15 Oct 2021 | Shu-wen Yang, Po-Han Chi, Yang-Sung Chuang, Cheng-I Jeff Lai, Kushal Lakhotia, Yist Y. Lin, Andy T. Liu, Jiatong Shi, Xuankai Chang, Guan-Ting Lin, Tzu-Hsien Huang, Wei-Cheng Tseng, Ko-tik Lee, Da-Rong Liu, Zili Huang, Shuyan Dong, Shang-Wen Li, Shinji Watanabe, Abdelrahman Mohamed, Hung-yi Lee
The Speech processing Universal PERformance Benchmark (SUPERB) is a comprehensive benchmark designed to evaluate the performance of self-supervised learning (SSL) models across a wide range of speech processing tasks. SUPERB provides a leaderboard and benchmark toolkit to assess the generalizability and reusability of SSL representations in various speech tasks. The benchmark includes ten tasks covering content, speaker, semantics, and paralinguistics, with limited labeled data and publicly available datasets to ensure fairness and accessibility.
The framework used in SUPERB leverages a frozen, shared pretrained model and task-specific lightweight prediction heads to solve all tasks. This approach minimizes architecture changes and allows for efficient evaluation of SSL representations. The results show that SSL representations, particularly those from models like wav2vec 2.0 and HuBERT, outperform traditional supervised methods and even conventional features like log mel filterbank (FBANK) in several tasks. These results demonstrate the potential of SSL representations to be powerful, generalizable, and reusable, enabling more efficient and effective speech processing.

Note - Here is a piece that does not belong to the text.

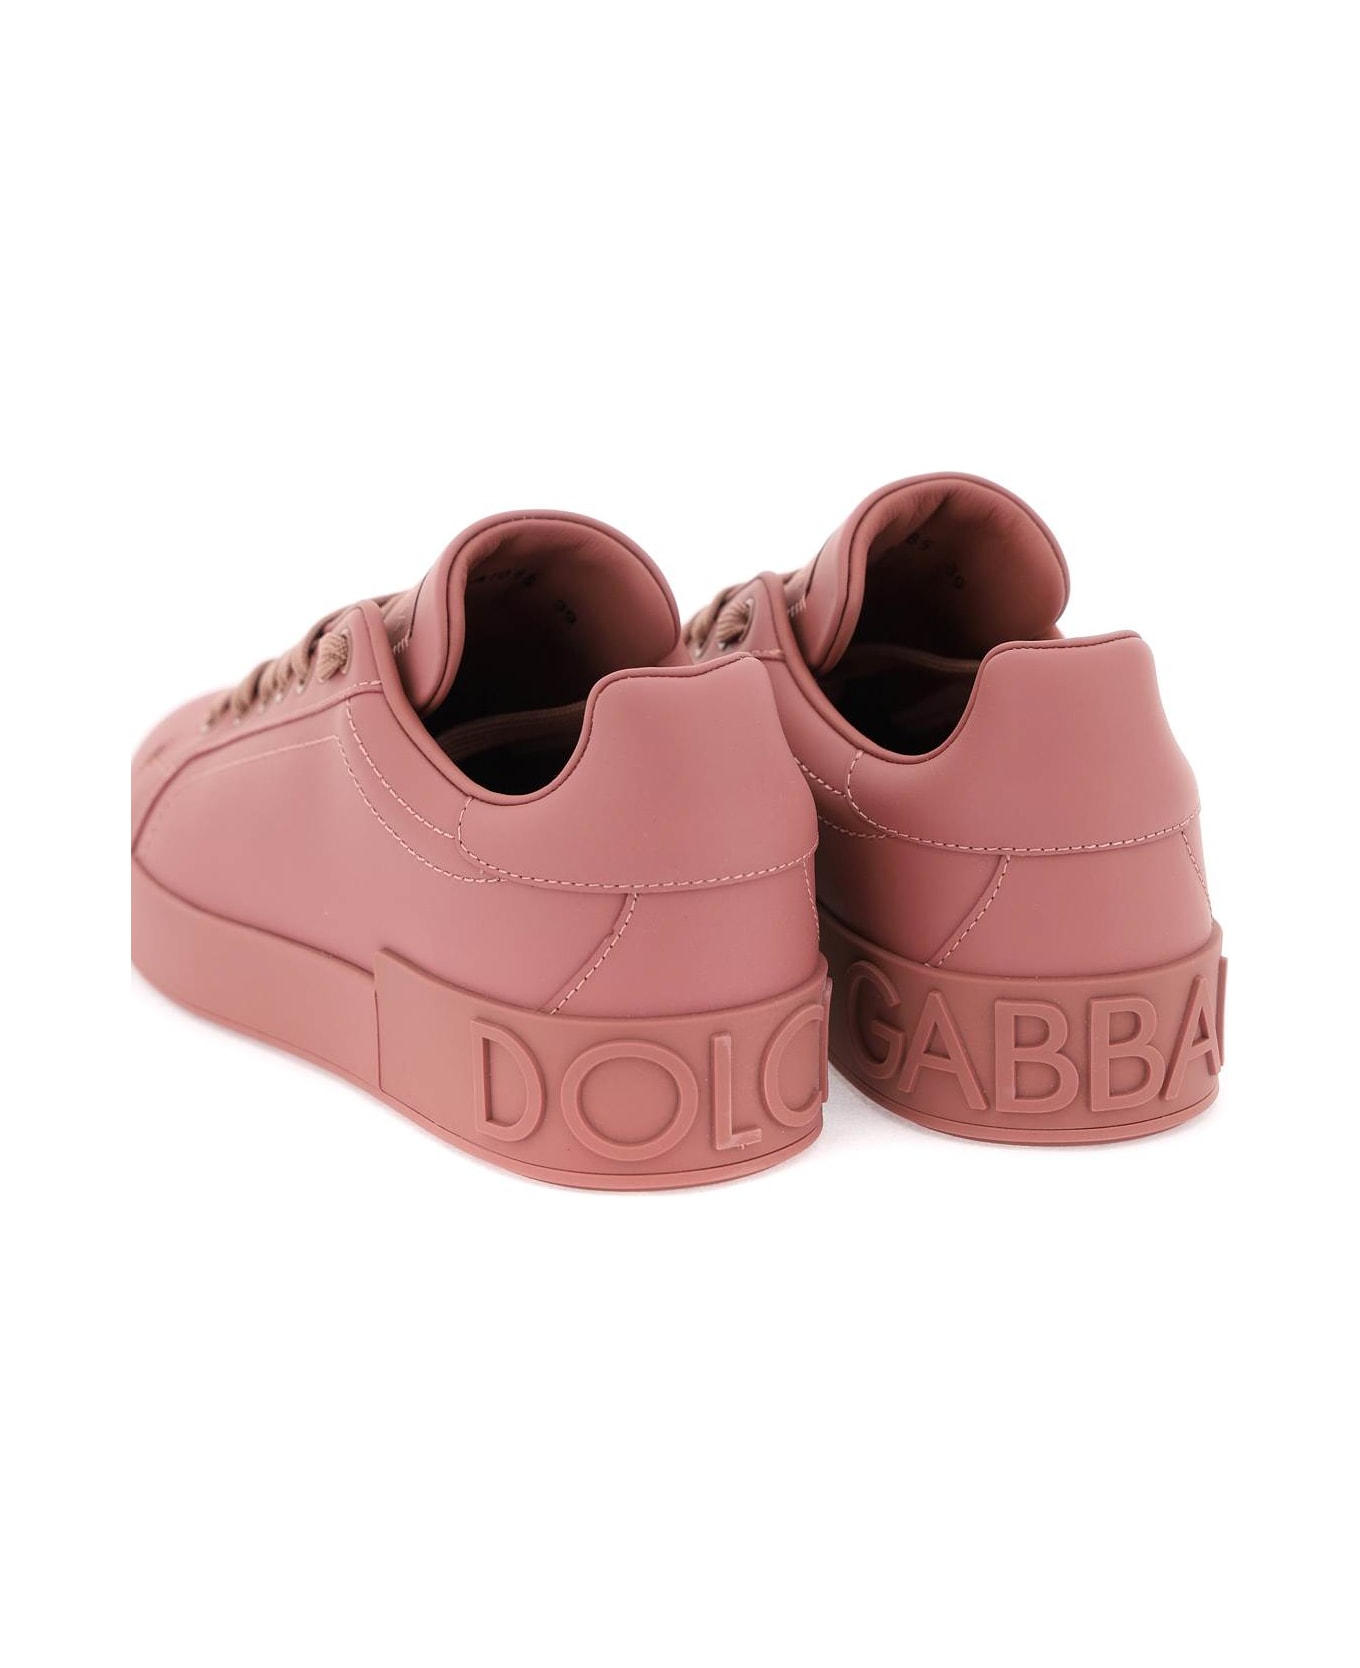 Dolce & Gabbana Portofino Leather Sneakers - Rosa antico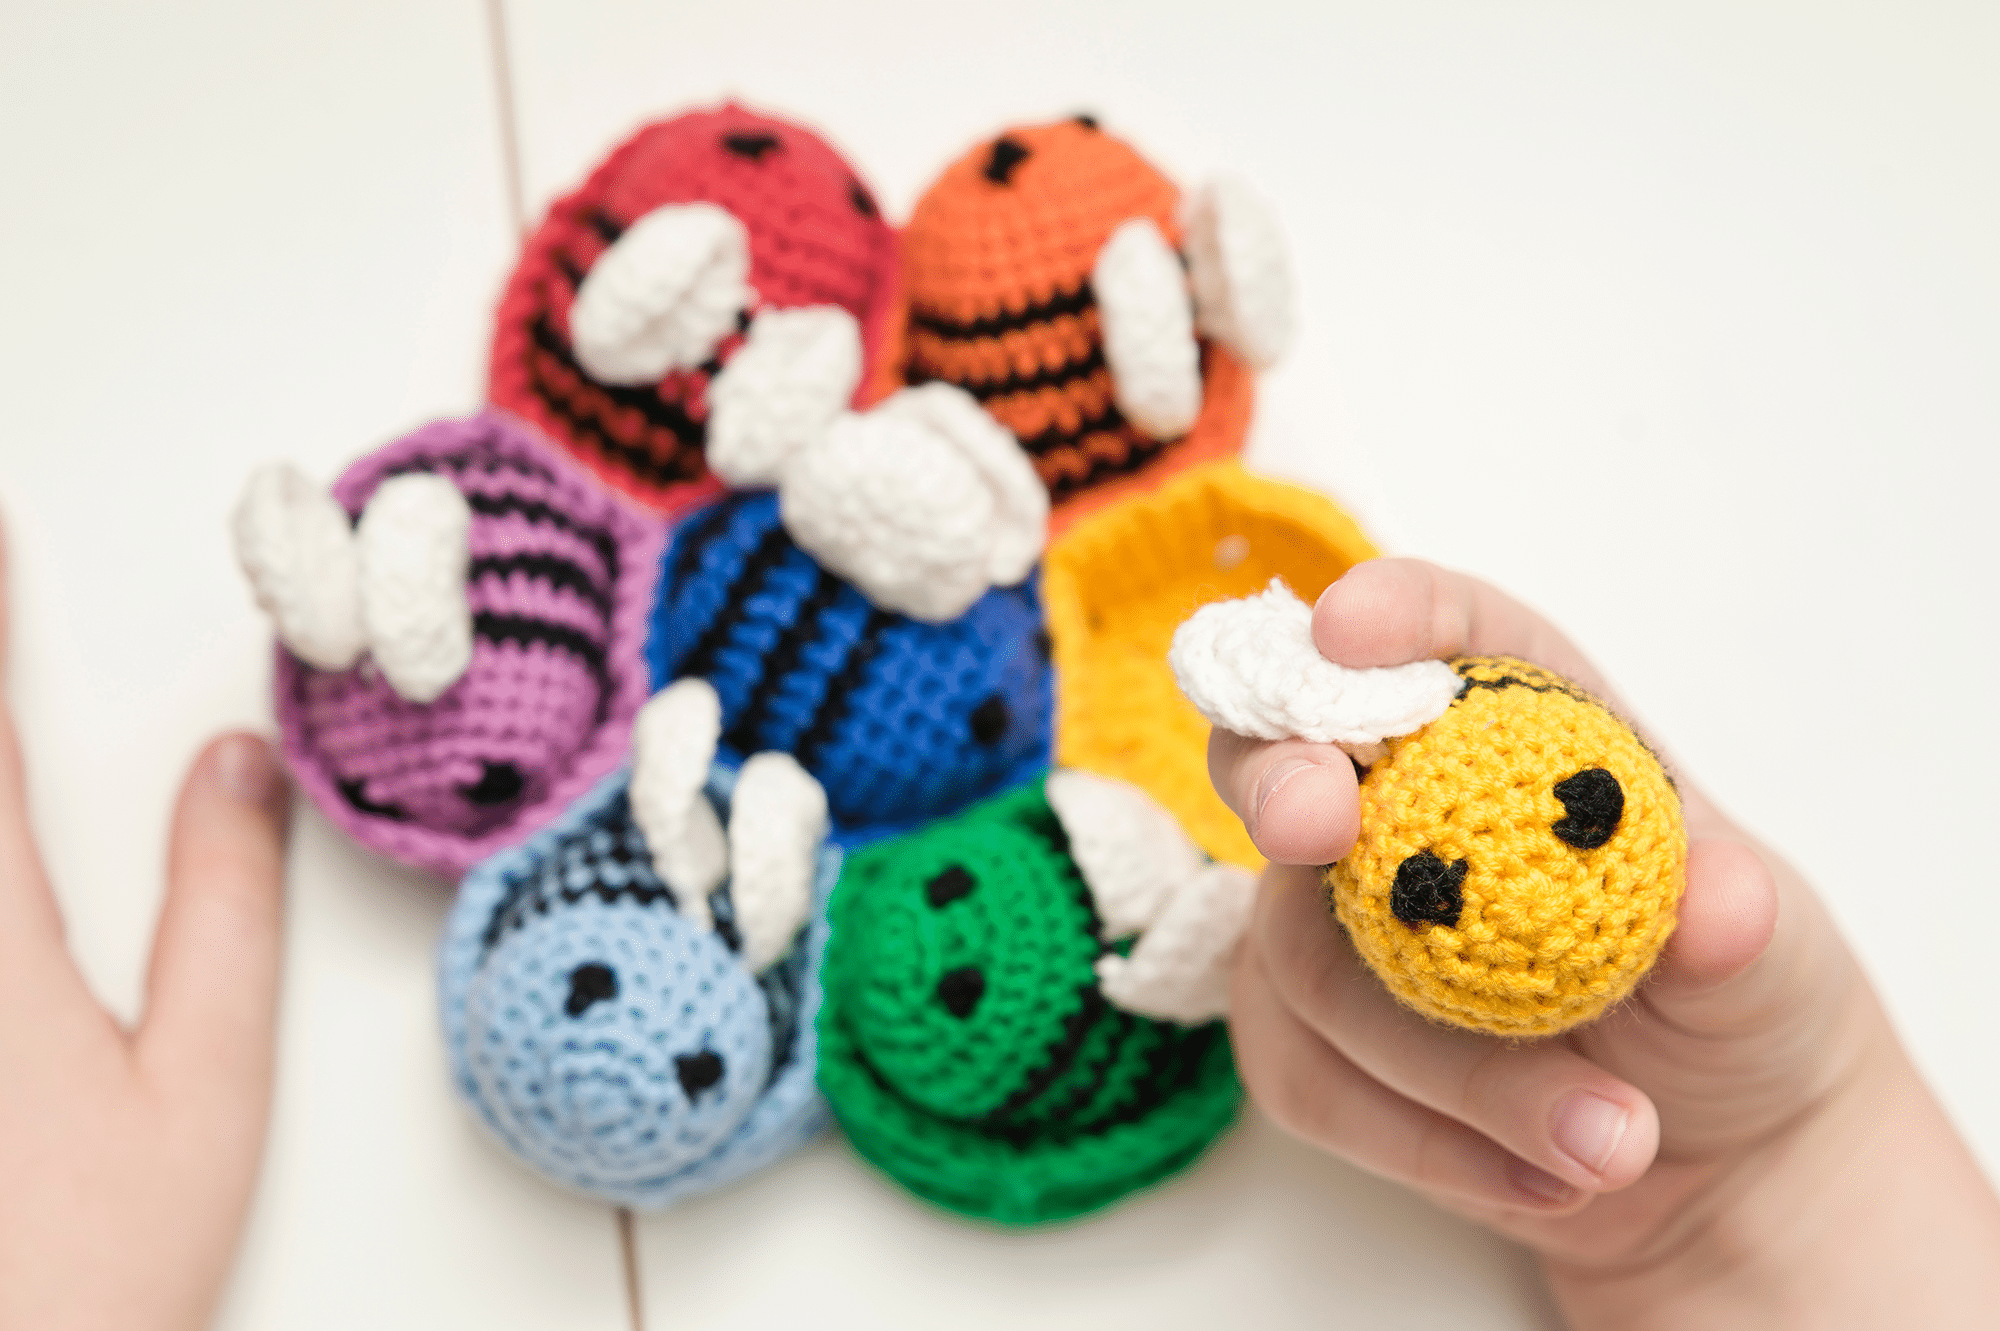 amigurumi bee amigurumi,crochet animals,knitting or crochet art,animals crochet

SUPERB aims to democratize advancements in speech processing by providing a standardized benchmark for evaluating SSL models. The challenge encourages researchers to participate and submit results to drive the research frontier. The benchmark includes tasks such as automatic speech recognition (ASR), speaker identification (SID), speaker verification (ASV), emotion recognition (ER), and spoken language understanding (SLU), among others. The framework's simplicity and effectiveness highlight the importance of SSL in advancing speech processing research and applications.The Speech processing Universal PERformance Benchmark (SUPERB) is a comprehensive benchmark designed to evaluate the performance of self-supervised learning (SSL) models across a wide range of speech processing tasks. SUPERB provides a leaderboard and benchmark toolkit to assess the generalizability and reusability of SSL representations in various speech tasks. The benchmark includes ten tasks covering content, speaker, semantics, and paralinguistics, with limited labeled data and publicly available datasets to ensure fairness and accessibility.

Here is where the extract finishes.